Background: Double-blind placebo-controlled food challenges (DBPCFCs) remain the gold standard for the diagnosis of food allergy; however, challenges require significant time and resources and place the patient at an increased risk for severe allergic adverse events. There have been continued efforts to identify alternative diagnostic methods to replace or minimize the need for oral food challenges (OFCs) in the diagnosis of food allergy. Methods: Data was extracted for all IRB-approved, Stanford-initiated clinical protocols involving standardized screening OFCs to a cumulative dose of 500 mg protein to any of 11 food allergens in participants with elevated skin prick test (SPT) and/or specific IgE (sIgE) values to the challenged food across 7 sites. Baseline population characteristics, biomarkers, and challenge outcomes were analyzed to develop diagnostic criteria predictive of positive OFCs across multiple allergens in our multi-allergic cohorts. Results: A total of 1247 OFCs completed by 427 participants were analyzed in this cohort. Eighty-five percent of all OFCs had positive challenges.

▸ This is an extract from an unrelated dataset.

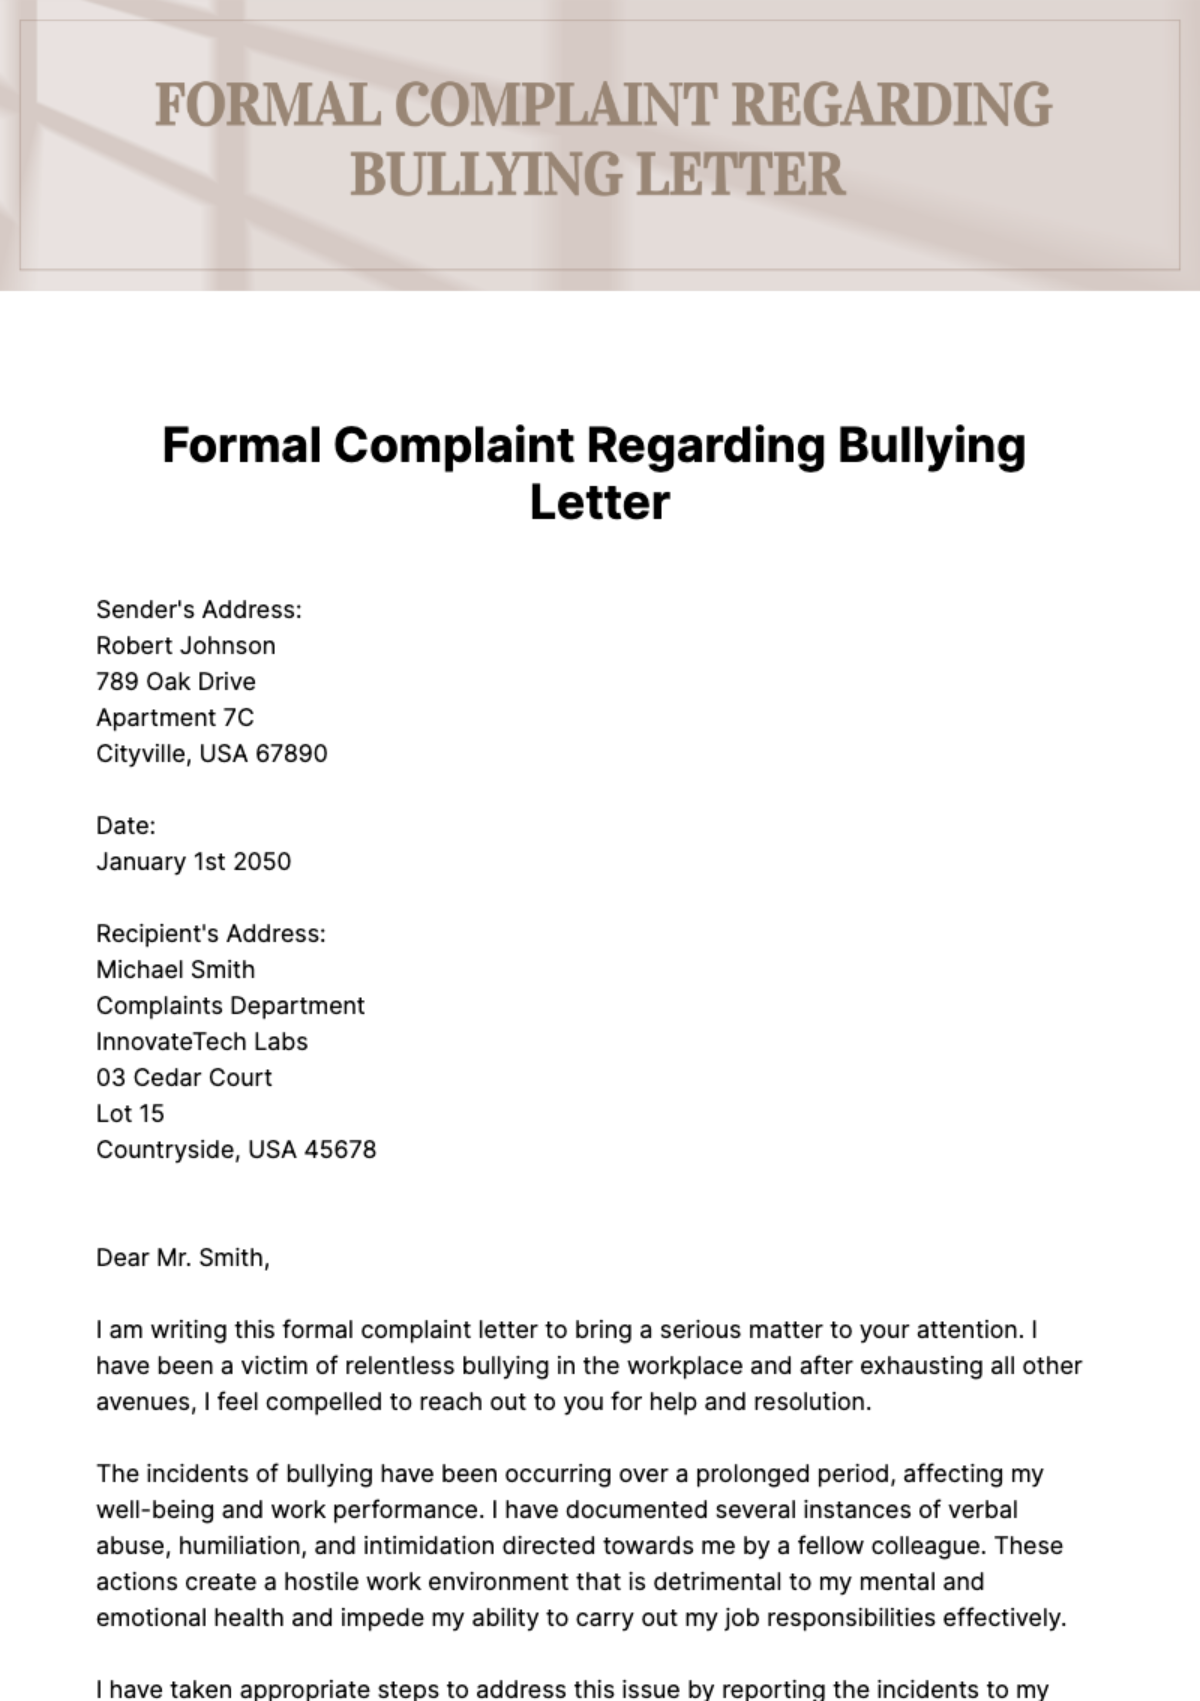 Formal Complaint Regarding Bullying Letter Template
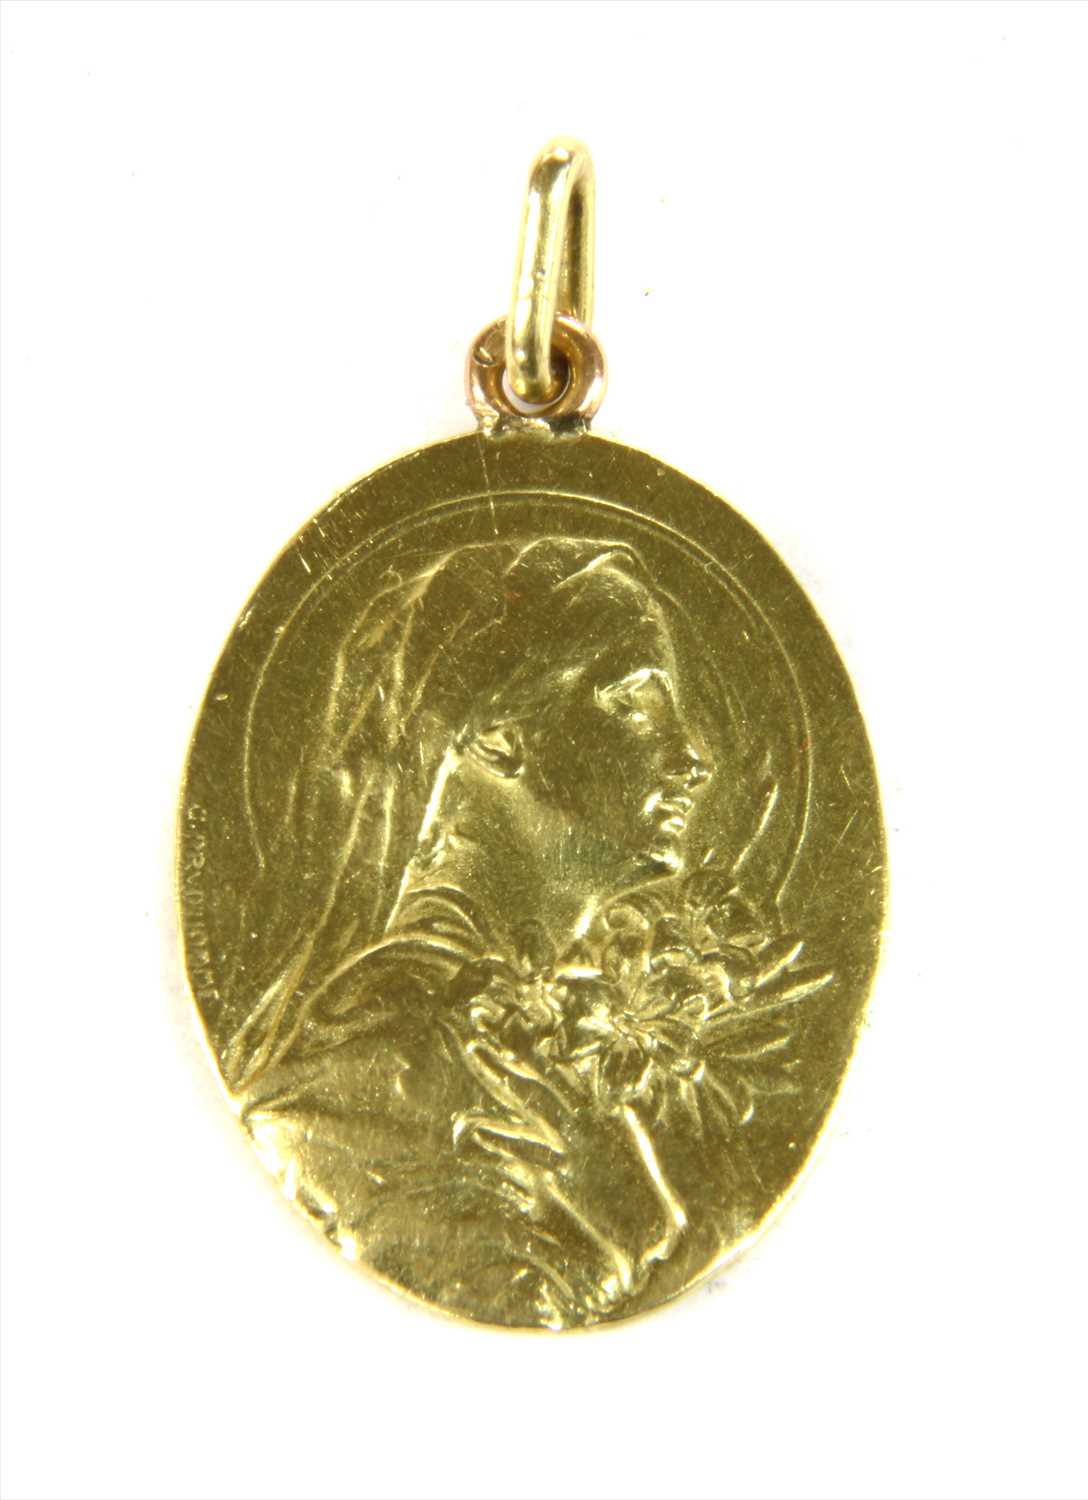 Lot 25 - An Art Nouveau gold medallion

A history of atopic dermatitis and multiple food allergies were significantly associated with a higher risk of positive OFCs. The majority of food-specific SPT, sIgE, and sIgE/total IgE (tIgE) thresholds calculated from cumulative tolerated dose (CTD)-dependent receiver operator curves (ROC) had high discrimination of OFC outcome (area under the curves > 0.75). Participants with values above the thresholds were more likely to have positive challenges. Conclusions: This is the first study, to our knowledge, to not only adjust for tolerated allergen dose in predicting OFC outcome, but to also use this method to establish biomarker thresholds. The presented findings suggest that readily obtainable biomarker values and patient demographics may be of use in the prediction of OFC outcome and food allergy. In the subset of patients with SPT or sIgE values above the thresholds, values appear highly predictive of a positive OFC and true food allergy. While these values are relatively high, they may serve as an appropriate substitute for food challenges in clinical and research settings.